EXERCISE DETAILS: Among the entries below, find the line with "Night Lights My", then quote it and each following line up to and including the line with "Pierre-Emerick Aubameyang brace", and nothing else.

ENTRIES SHOWN:
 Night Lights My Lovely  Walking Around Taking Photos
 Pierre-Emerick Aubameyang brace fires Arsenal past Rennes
---
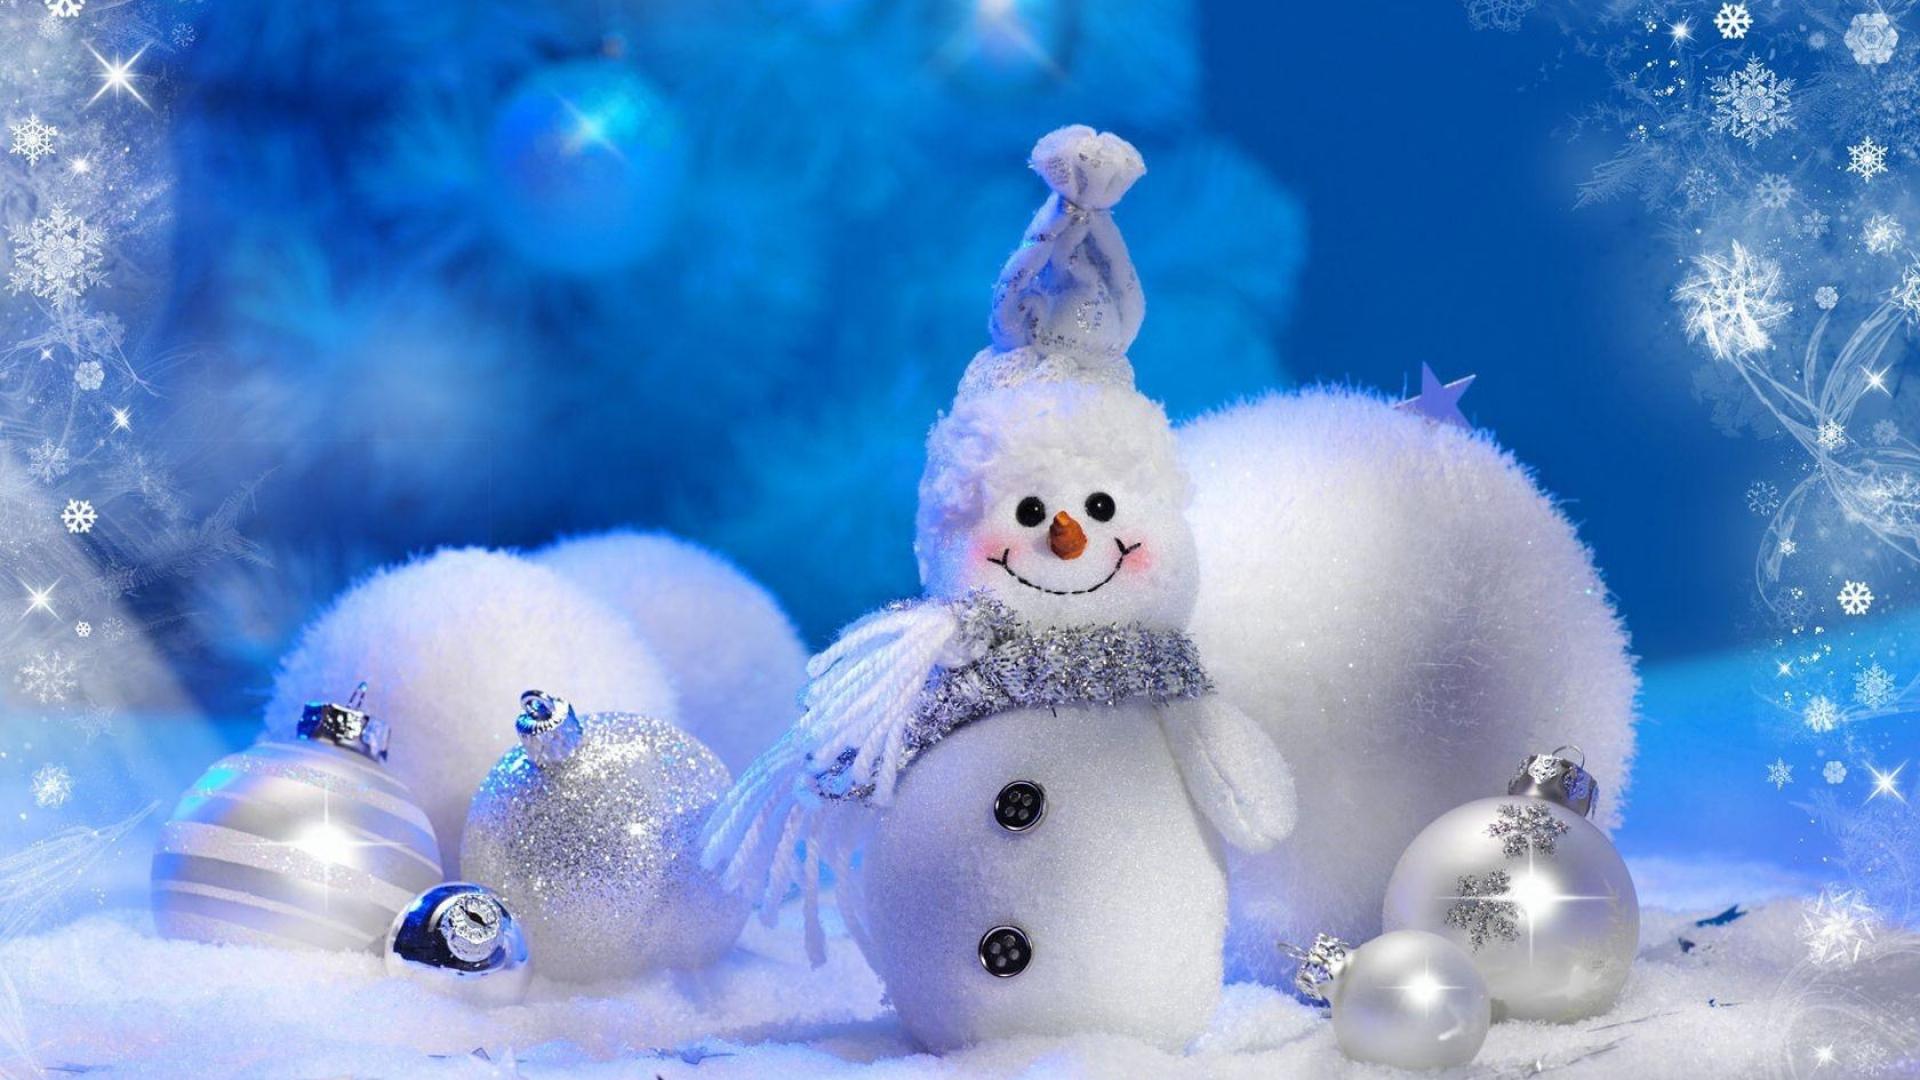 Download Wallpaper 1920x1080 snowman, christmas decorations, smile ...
* * *
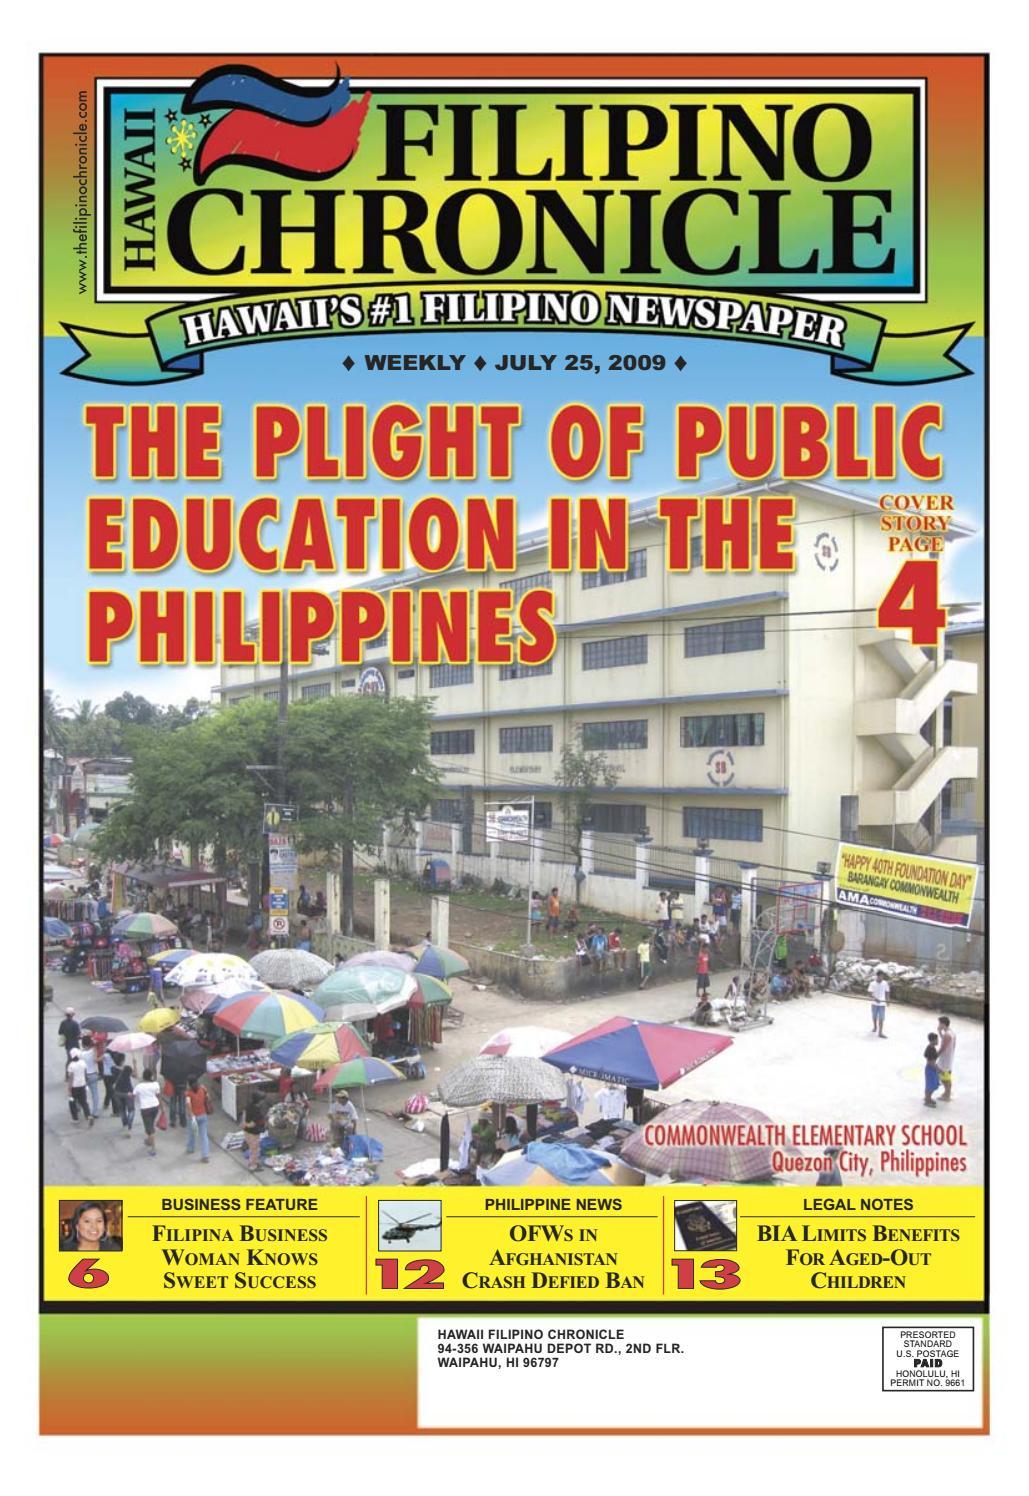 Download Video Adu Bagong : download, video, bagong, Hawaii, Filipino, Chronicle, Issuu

ANSWER SPACE:
 Night Lights My Lovely  Walking Around Taking Photos
 Pierre-Emerick Aubameyang brace fires Arsenal past Rennes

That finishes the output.